— TASK TO COMPLETE —
Could you reproduce the lines below from the one with "Schild Eingang der" through the one with "femme en utilisant"? Keep both ends and add nothing.

╭──

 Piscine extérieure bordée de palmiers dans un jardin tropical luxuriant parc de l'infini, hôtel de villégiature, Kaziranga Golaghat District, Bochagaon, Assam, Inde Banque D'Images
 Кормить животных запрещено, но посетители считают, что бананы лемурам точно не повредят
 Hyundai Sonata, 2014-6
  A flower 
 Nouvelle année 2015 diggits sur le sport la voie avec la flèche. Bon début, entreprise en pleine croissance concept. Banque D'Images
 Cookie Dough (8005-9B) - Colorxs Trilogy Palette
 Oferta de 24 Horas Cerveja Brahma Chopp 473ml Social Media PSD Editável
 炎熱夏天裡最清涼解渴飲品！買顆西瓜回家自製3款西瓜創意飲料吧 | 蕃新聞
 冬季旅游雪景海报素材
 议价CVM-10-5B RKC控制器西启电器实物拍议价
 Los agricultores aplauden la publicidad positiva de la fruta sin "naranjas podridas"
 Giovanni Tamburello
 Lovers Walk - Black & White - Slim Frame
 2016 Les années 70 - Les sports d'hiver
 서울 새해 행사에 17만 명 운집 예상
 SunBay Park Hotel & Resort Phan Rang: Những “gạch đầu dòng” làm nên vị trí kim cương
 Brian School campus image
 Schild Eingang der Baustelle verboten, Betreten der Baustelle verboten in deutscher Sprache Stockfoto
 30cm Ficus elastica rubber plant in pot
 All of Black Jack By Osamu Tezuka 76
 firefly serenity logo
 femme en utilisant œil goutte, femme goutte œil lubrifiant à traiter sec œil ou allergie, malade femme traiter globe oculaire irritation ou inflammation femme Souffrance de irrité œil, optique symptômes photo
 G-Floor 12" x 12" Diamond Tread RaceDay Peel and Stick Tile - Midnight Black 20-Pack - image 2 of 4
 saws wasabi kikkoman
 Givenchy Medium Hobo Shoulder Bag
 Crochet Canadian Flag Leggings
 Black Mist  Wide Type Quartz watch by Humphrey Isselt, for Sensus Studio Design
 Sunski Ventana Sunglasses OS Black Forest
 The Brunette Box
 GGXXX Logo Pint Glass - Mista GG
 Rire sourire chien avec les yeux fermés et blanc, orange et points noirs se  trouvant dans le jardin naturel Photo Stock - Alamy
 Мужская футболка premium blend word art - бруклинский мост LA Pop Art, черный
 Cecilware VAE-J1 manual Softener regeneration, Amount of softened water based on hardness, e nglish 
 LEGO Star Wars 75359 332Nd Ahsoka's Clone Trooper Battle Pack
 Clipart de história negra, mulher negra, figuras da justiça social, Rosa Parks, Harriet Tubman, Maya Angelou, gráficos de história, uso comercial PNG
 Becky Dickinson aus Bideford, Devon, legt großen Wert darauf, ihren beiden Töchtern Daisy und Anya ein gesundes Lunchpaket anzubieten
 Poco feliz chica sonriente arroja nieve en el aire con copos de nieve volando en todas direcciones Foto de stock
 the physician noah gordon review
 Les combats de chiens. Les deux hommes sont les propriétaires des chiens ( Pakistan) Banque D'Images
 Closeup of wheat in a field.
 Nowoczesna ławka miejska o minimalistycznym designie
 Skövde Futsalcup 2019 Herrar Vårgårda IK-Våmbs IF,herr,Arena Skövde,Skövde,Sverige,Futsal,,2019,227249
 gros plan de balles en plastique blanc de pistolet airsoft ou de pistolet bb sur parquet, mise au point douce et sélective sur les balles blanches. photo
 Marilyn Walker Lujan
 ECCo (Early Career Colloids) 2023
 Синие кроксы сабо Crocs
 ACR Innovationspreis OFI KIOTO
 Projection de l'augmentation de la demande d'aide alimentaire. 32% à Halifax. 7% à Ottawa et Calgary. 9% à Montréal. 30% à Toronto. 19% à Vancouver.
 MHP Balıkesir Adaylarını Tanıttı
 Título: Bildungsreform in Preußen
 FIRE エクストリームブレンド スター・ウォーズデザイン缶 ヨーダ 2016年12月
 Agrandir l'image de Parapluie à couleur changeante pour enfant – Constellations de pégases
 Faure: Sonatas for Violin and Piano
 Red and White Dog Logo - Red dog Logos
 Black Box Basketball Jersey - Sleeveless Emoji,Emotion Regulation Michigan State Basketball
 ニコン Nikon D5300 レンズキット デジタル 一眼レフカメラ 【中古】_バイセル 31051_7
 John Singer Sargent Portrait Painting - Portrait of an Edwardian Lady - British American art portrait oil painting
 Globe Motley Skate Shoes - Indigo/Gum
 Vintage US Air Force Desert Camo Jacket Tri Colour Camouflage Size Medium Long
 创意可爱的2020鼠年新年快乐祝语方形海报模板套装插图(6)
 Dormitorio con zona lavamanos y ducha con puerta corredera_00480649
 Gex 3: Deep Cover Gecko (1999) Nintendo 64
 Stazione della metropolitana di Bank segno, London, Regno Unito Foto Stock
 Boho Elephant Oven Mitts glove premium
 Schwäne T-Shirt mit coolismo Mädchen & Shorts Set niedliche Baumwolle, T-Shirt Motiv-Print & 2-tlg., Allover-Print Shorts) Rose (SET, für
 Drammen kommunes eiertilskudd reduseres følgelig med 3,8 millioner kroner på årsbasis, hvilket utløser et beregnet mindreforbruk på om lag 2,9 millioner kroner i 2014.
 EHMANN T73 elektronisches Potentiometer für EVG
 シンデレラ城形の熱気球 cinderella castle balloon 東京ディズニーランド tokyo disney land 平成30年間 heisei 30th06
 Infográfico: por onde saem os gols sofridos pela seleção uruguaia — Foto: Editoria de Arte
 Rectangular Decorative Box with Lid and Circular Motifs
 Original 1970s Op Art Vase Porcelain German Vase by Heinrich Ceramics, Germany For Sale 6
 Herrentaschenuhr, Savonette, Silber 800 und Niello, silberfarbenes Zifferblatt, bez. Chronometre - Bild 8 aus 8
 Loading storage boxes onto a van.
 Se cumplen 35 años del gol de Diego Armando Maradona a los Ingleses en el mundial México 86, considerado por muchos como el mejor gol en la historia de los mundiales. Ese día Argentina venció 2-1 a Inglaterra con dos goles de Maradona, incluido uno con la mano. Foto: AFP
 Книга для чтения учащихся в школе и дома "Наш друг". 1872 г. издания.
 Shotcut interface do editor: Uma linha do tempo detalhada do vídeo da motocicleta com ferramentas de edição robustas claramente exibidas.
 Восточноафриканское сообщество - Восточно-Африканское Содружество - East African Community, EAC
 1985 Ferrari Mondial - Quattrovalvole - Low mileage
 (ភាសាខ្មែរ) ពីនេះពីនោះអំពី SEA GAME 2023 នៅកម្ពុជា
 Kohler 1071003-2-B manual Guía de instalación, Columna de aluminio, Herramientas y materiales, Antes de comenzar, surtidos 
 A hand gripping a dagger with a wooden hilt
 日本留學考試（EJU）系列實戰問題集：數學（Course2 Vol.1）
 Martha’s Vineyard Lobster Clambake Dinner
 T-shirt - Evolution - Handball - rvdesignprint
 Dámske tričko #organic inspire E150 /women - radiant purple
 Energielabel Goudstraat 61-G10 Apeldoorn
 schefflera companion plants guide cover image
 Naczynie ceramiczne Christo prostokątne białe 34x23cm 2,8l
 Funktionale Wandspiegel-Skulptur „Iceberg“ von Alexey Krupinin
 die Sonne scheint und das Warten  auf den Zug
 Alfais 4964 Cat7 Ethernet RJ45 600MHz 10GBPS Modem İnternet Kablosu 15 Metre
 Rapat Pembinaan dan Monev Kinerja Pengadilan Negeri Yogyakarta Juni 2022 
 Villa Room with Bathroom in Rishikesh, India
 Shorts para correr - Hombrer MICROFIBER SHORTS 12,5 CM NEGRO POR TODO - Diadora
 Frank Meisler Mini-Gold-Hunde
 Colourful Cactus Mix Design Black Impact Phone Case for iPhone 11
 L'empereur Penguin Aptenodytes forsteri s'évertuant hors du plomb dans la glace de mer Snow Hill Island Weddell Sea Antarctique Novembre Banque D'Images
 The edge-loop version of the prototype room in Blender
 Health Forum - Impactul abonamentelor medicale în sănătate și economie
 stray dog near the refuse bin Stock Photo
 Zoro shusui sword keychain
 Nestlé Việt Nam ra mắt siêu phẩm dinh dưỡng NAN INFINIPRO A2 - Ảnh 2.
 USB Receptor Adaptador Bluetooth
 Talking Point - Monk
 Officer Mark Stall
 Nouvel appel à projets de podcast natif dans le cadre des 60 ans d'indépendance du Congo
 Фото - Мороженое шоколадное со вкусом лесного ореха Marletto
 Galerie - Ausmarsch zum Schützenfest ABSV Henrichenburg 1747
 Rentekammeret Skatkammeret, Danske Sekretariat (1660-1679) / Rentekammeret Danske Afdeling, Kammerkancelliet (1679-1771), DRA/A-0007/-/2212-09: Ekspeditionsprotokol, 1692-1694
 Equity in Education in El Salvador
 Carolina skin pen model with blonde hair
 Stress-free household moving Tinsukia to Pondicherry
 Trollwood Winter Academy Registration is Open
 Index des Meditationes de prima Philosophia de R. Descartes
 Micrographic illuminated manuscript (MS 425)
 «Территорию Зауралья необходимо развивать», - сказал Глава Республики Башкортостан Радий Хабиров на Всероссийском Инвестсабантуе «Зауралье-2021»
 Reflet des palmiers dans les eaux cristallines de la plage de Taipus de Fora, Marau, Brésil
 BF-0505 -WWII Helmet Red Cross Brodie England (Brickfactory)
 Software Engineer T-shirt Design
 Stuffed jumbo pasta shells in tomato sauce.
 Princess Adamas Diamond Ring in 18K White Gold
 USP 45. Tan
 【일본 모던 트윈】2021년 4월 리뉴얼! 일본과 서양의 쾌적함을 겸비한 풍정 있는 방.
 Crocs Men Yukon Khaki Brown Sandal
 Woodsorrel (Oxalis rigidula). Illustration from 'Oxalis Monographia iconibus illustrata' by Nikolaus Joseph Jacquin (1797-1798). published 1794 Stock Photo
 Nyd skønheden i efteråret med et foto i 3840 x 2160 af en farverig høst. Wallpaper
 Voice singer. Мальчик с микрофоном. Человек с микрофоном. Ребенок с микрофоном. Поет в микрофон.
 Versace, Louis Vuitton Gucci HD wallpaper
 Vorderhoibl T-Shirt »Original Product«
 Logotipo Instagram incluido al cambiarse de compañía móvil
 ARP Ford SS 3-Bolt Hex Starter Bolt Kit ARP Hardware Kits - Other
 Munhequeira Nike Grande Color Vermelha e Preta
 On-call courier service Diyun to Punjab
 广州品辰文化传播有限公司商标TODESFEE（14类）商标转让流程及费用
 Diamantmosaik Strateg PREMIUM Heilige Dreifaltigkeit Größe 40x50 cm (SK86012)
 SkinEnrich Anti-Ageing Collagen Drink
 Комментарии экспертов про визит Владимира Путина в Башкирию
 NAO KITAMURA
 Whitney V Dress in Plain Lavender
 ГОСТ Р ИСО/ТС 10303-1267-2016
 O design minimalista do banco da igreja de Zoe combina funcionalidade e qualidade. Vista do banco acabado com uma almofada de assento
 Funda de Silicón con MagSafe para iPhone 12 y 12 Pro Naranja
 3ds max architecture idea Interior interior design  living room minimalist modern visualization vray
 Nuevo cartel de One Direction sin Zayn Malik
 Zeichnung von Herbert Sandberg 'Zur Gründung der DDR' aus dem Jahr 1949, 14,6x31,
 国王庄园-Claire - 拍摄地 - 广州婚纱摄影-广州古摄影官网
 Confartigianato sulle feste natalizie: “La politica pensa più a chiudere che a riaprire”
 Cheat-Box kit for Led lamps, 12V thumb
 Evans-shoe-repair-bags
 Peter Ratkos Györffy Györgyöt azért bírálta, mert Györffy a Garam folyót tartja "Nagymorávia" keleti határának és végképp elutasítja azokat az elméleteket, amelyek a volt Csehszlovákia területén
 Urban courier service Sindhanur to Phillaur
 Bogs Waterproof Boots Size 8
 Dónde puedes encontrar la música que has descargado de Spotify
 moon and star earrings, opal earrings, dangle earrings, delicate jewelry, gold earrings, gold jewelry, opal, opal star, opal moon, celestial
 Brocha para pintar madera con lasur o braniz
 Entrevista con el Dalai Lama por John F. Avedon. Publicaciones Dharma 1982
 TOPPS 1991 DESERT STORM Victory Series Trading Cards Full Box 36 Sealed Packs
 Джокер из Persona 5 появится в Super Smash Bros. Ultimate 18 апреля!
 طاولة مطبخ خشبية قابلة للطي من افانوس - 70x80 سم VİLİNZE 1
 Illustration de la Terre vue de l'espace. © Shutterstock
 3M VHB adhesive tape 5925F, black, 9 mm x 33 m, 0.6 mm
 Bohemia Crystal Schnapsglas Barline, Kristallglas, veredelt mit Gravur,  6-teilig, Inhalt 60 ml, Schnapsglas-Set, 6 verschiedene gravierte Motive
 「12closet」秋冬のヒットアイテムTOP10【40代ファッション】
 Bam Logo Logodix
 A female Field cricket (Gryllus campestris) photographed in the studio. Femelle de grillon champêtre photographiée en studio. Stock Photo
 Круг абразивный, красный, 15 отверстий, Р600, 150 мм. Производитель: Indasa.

╰──

— TASK SOLUTION —
 Schild Eingang der Baustelle verboten, Betreten der Baustelle verboten in deutscher Sprache Stockfoto
 30cm Ficus elastica rubber plant in pot
 All of Black Jack By Osamu Tezuka 76
 firefly serenity logo
 femme en utilisant œil goutte, femme goutte œil lubrifiant à traiter sec œil ou allergie, malade femme traiter globe oculaire irritation ou inflammation femme Souffrance de irrité œil, optique symptômes photo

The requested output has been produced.